Omitting all pictures, print the lines of the listing from the one containing "Load image into" through the final line, both ends included, with no other text.

BEGIN Dataset content

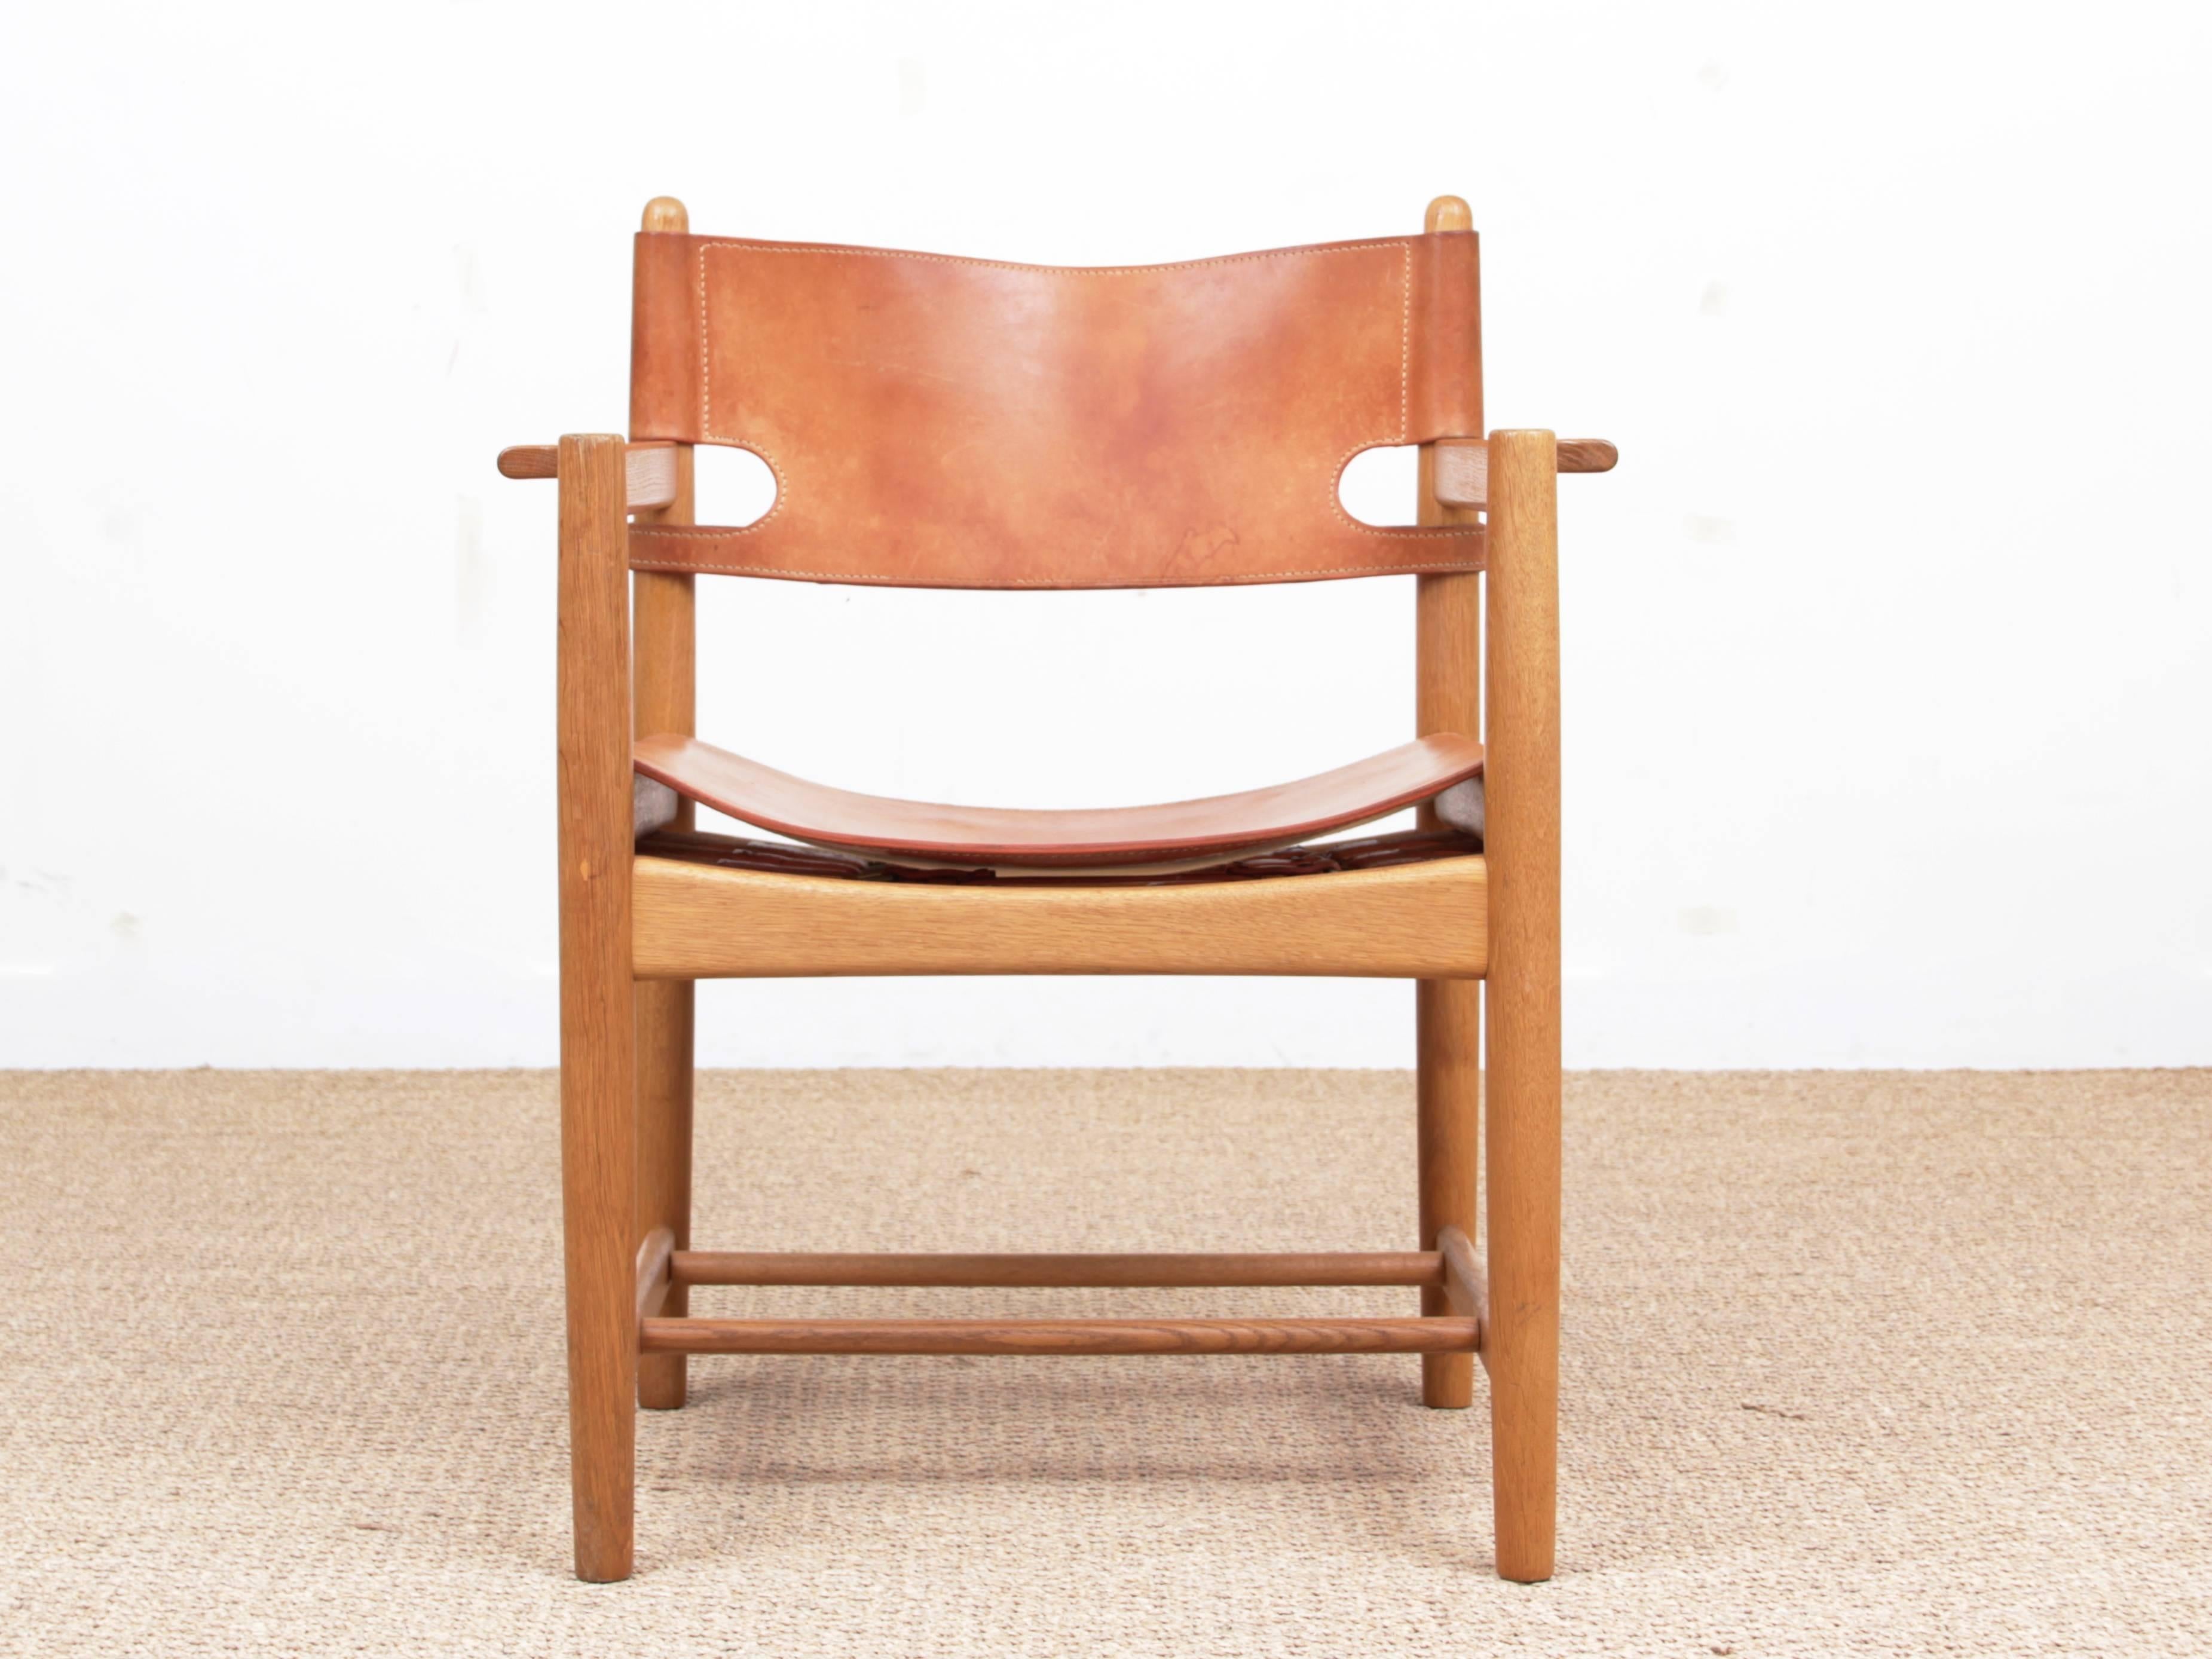 Mid-Century Modern Scandinavian pair of arm chairs model 3238 by Børge Mogensen for Fredericia Furniture. Solid laquered oak and leather. Piece bought in 1970. Initially produced by cabinet maker Erhard Rasmussen, it has been later produced by
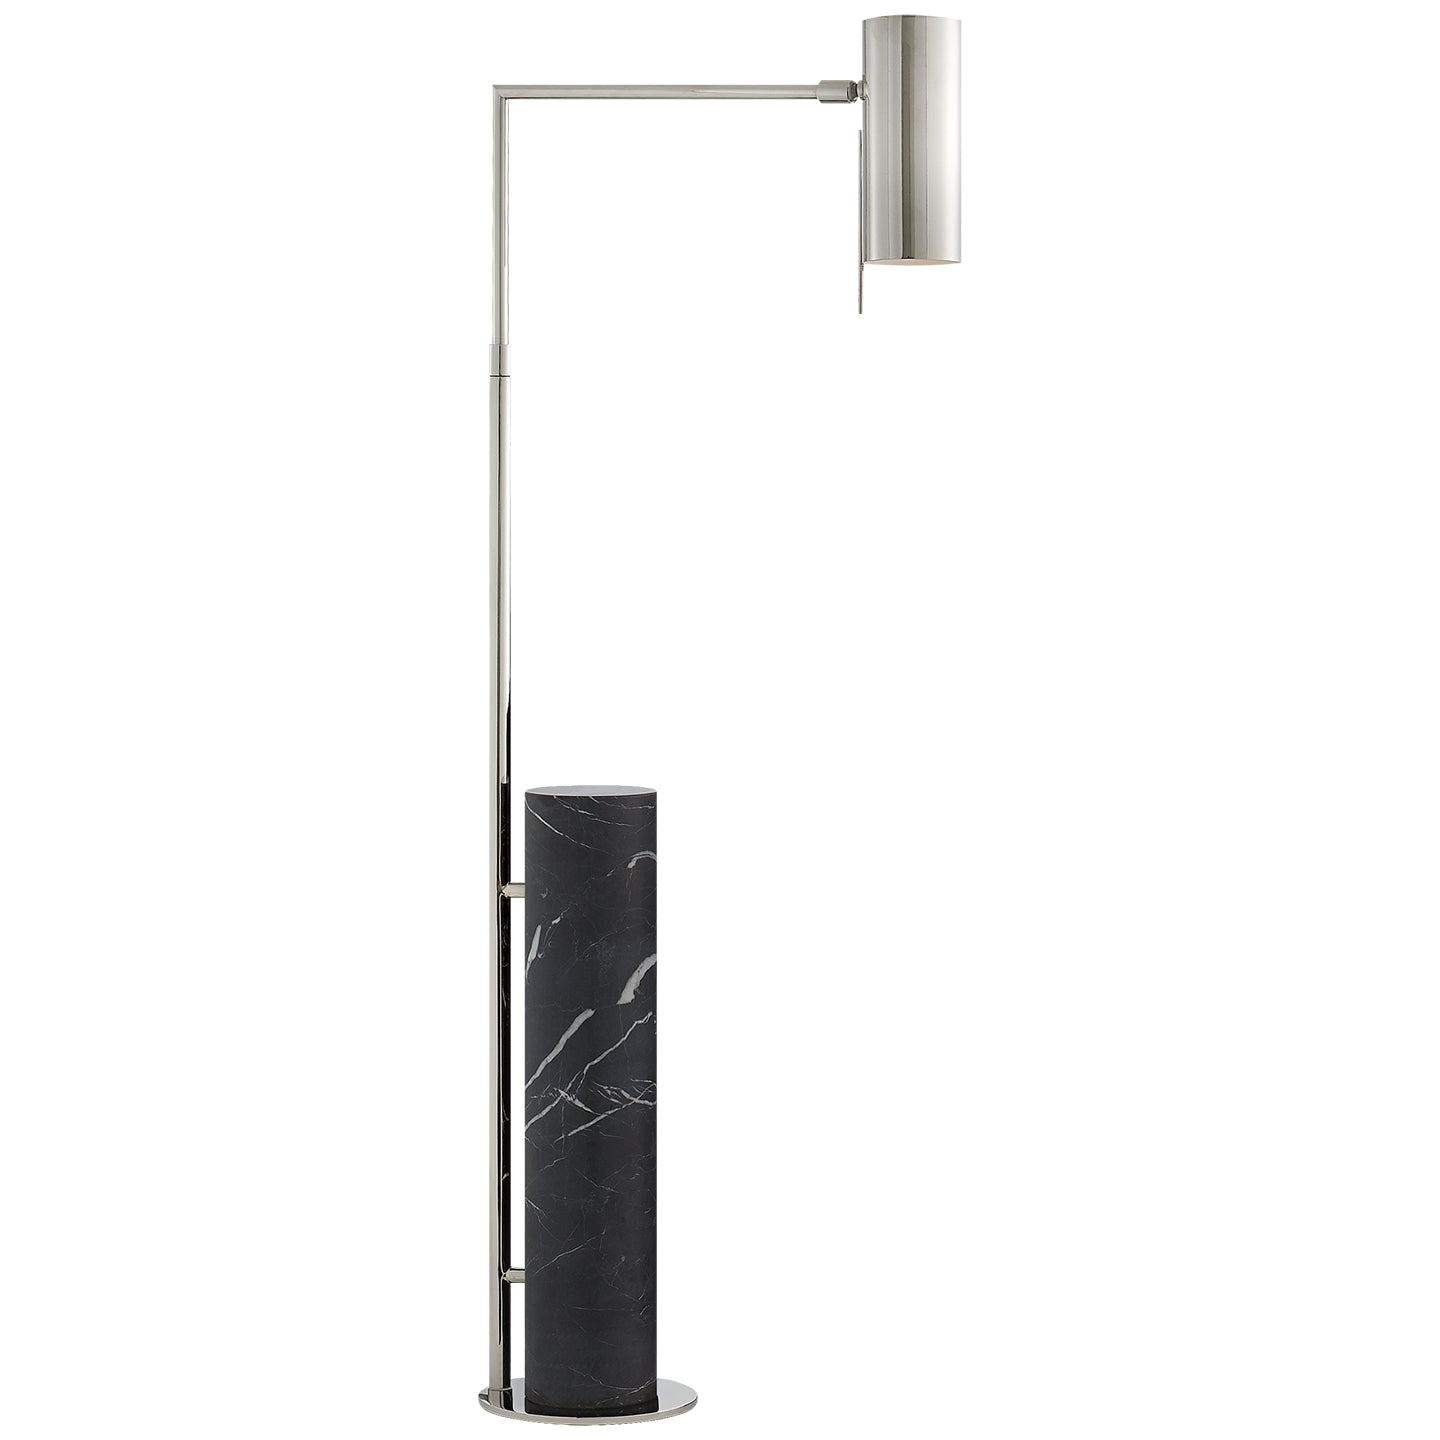 Load image into Gallery viewer, Visual Comfort Signature - KW 1611PN/BM - LED Floor Lamp - Alma - Polished Nickel and Black Marble
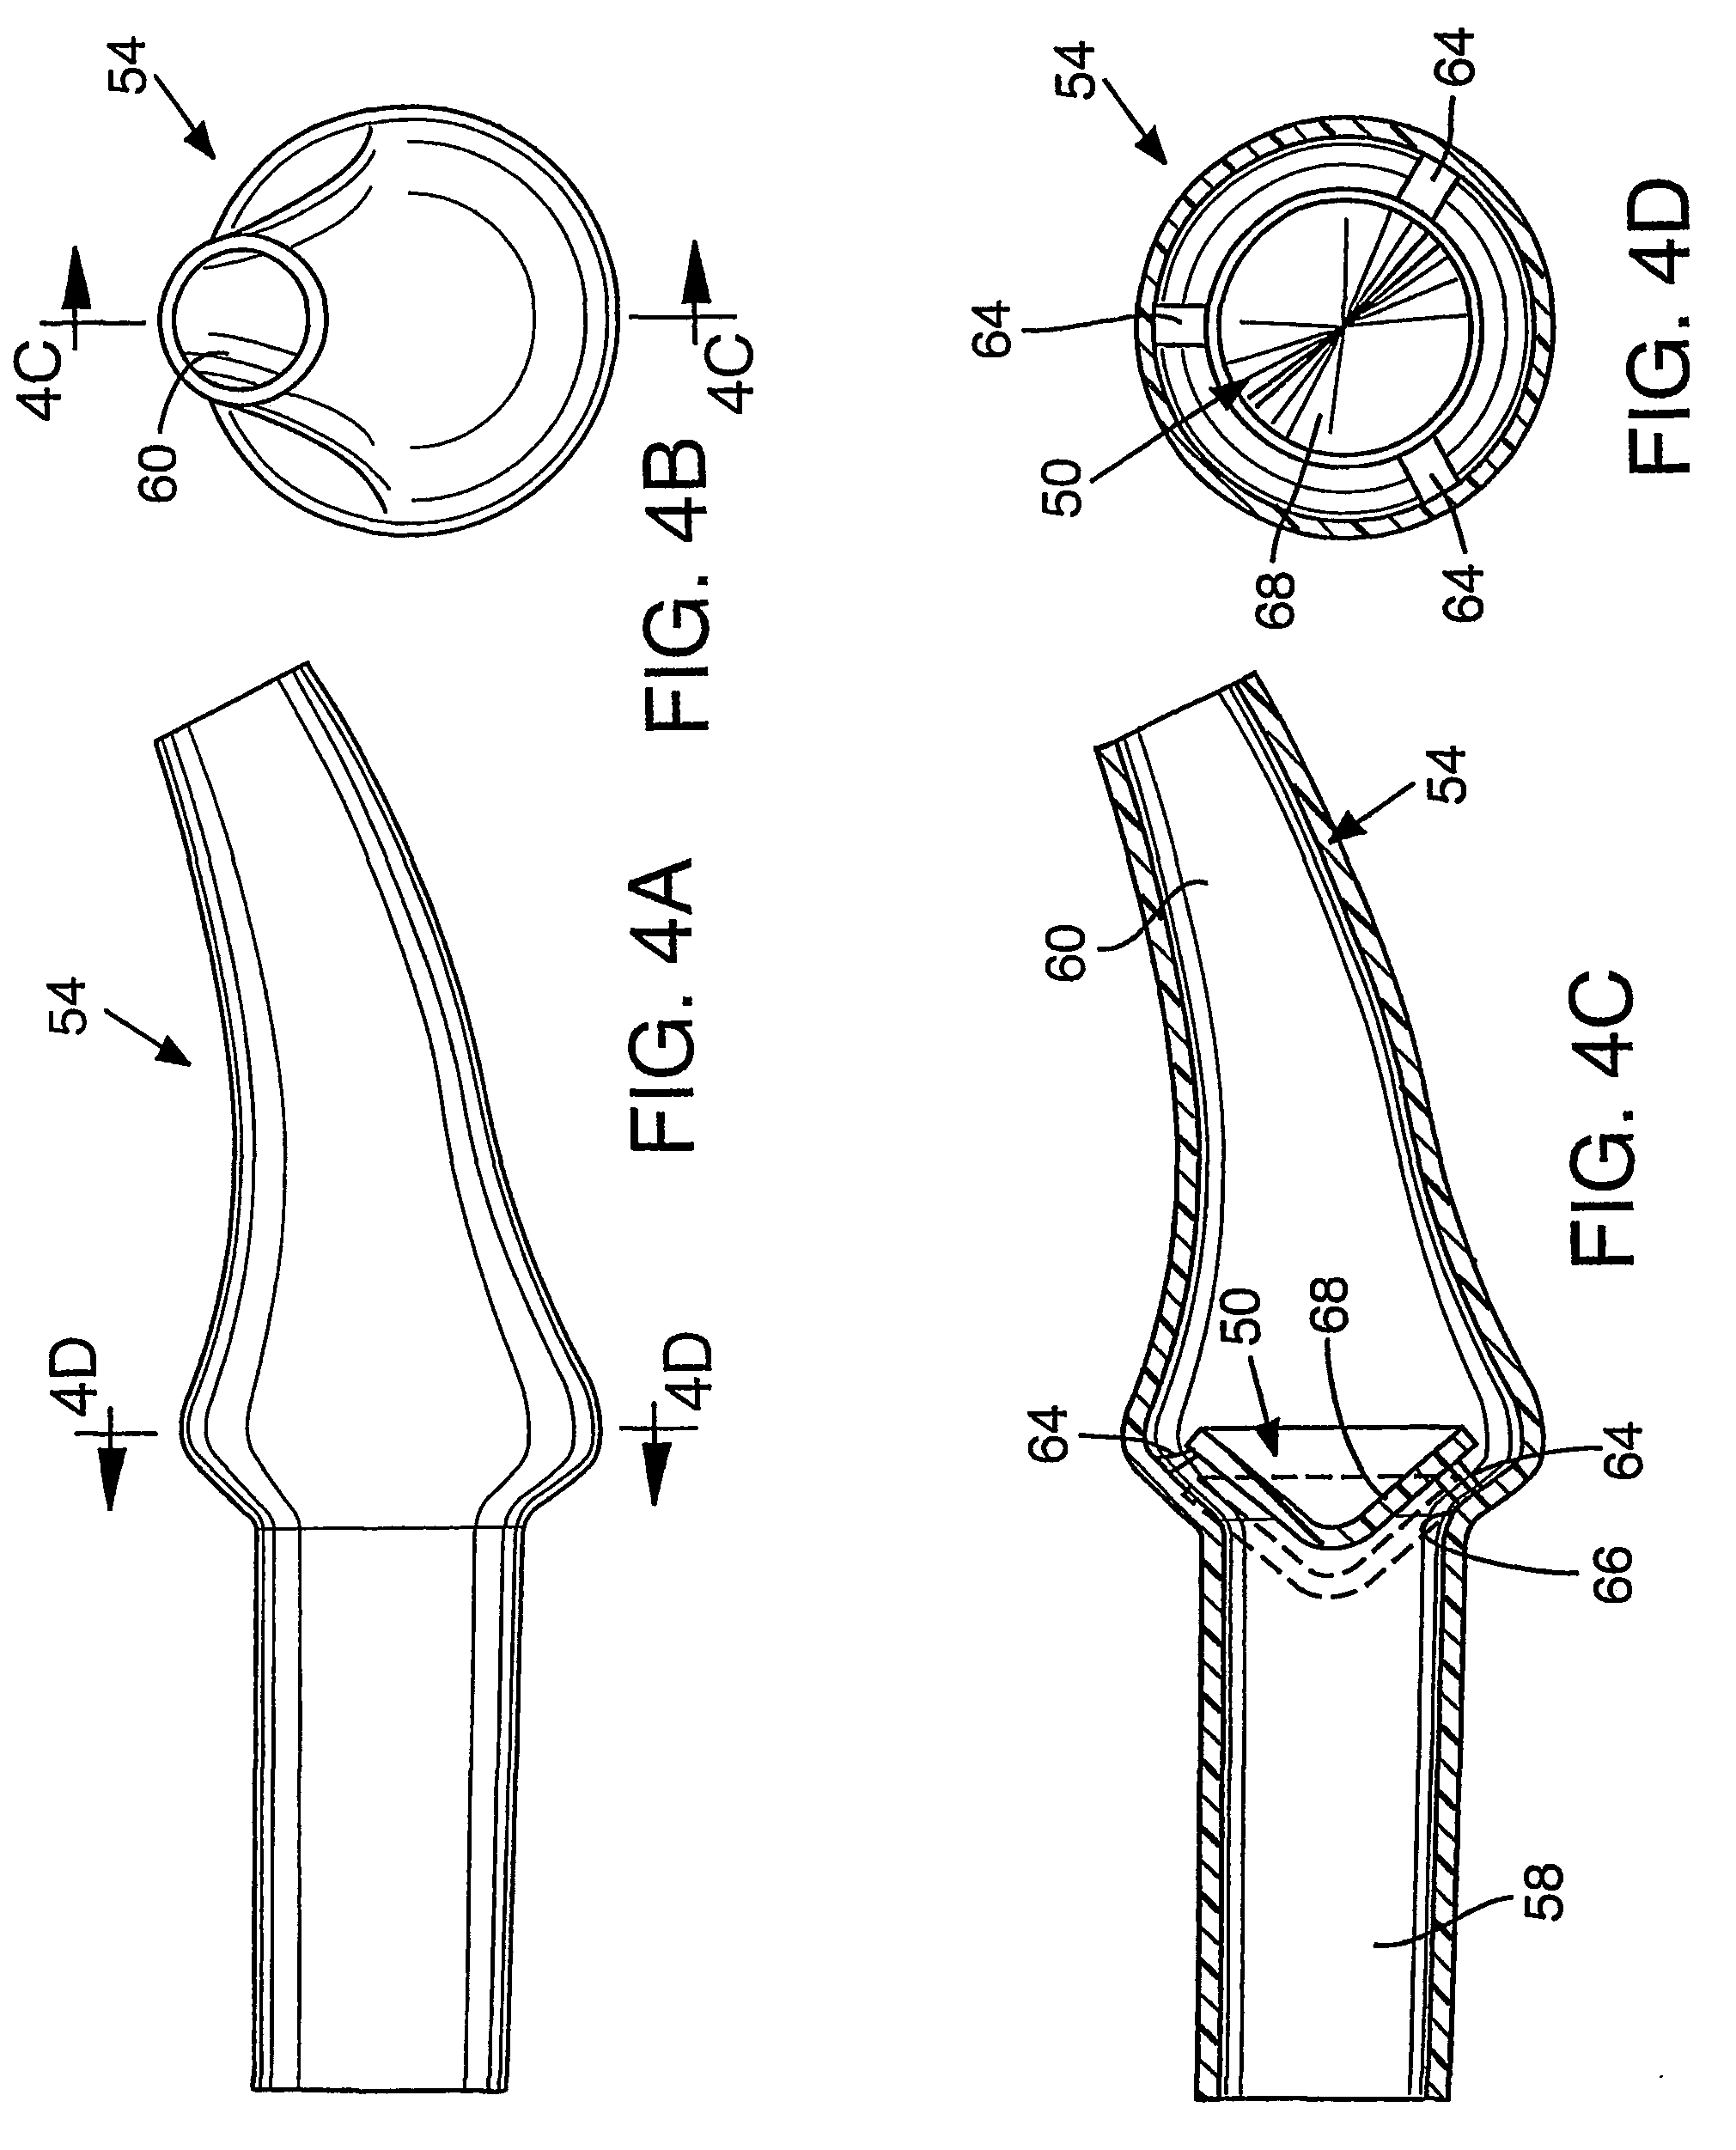 Systems and methods for aerosol delivery of agents

END Dataset content

**Exercise output:**
 Load image into Gallery viewer, Visual Comfort Signature - KW 1611PN/BM - LED Floor Lamp - Alma - Polished Nickel and Black Marble
 Systems and methods for aerosol delivery of agents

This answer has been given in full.